Textura (.ORG)
A strong sense of place permeates 1897, the sophomore 12k album from Australia-based Seaworthy (Cameron Webb, Greg Bird, Sam Shinazzi). Recorded in a 100-year-old ammunitions bunker in Newington, Australia, which originally was constructed in 1897 to store gunpowder (hence the title), and abetted by field recordings gathered from the extensive wetland and forest environments (which provide safe havens for endangered and internationally-protected wildlife) surrounding the bunker, the album enhances Webb’s ruminative guitar playing with sounds of birds, insects, and wind blowing through the trees. Because installations of field recordings played back within the bunkers were also recorded, reverb contributes significantly to the album’s overall sound too. Seaworthy spent much of 2008 shaping the six hours of 4-track cassette, minidisk, and computer recordings that resulted from the sessions into 1897‘s final form.
The album’s tracks range primarily between two groupings, “Ammunitions” and “Installations,” the former largely stark guitar settings and the latter soundscapes of varying design. “Ammunition 1” weaves gossamer-like threads of electrical tones, soft electronic shadings, and field recording elements into a placid whole. By presenting Webb’s subdued electric guitar playing in untreated and natural manner, “Ammunition 2” gives the material warmth and lends the album an inviting appeal, while the ten-minute guitar meditation “Ammunition 3” is so halting and pensive, it feels time-suspending. Because looping was used during the recording process, a track such as “Ammunition 5” sounds as if two guitarists are playing together with each simultaneously soloing and supporting the explorations of the “other” musician. The closing pieces, “Ammunition 6” and “Outside,” send the listener outdoors, where the sounds of footsteps, bird calls, wind, and water dominate. While the guitar spotlights are, generally speaking, intimate in nature, “Installation 1” is a colder and rather industrial-sounding smeary drone whose ambiance suggests the large, echoing space that it was recorded within. By contrast, “Installation 2,” an almost somnambulant drone, is much softer and warmer in tone, and hence more inviting, while “Installation 3” merges the guitar playing with a shape-shifting mass of fluttering sounds.

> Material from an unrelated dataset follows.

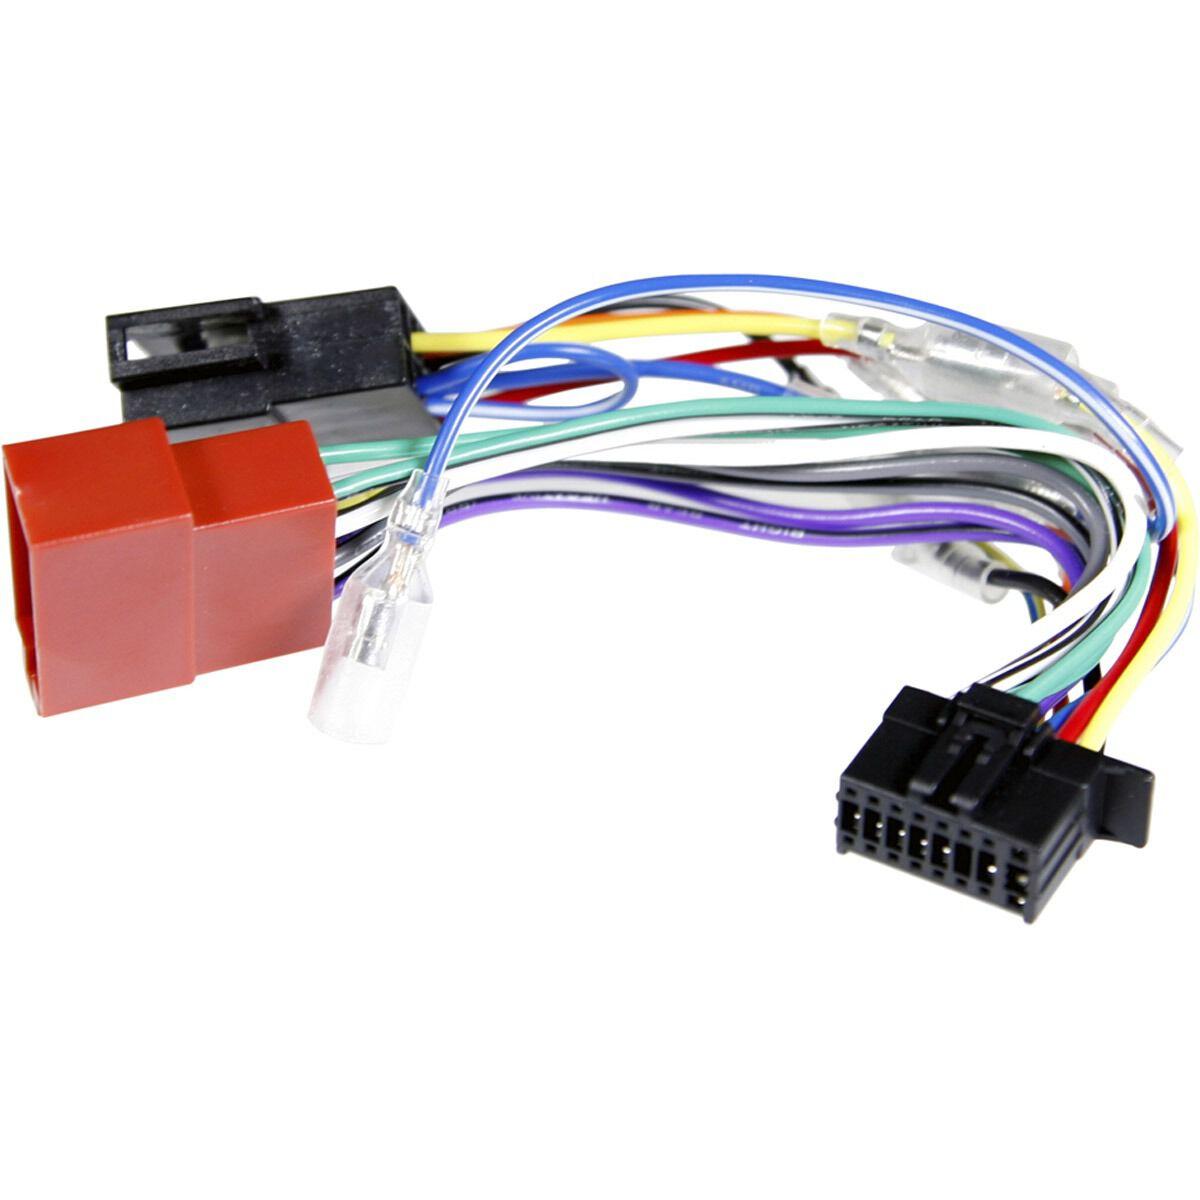 Jvc Wiring Harness Nz 1998 Lexus Gs 400 Wiring Diagram ... on car audio wiring, car speaker wiring, honeywell wiring, kicker wiring, kenwood wiring, vintage stereo wiring, bosch wiring, rca wiring, pioneer wiring, nasa wiring, klipsch wiring, bose wiring,

Being understated and self-effacing by design, Seaworthy’s sound can be easy to under-appreciate, and in that regard it reminds me a little bit of Solo Andata’s Fyris Swan release (issued on Hefty in 2006). Like it, 1897 often drifts by unassumingly, content to not attract too much attention to itself. Headphones listening enhances one’s appreciation for the recording’s merits.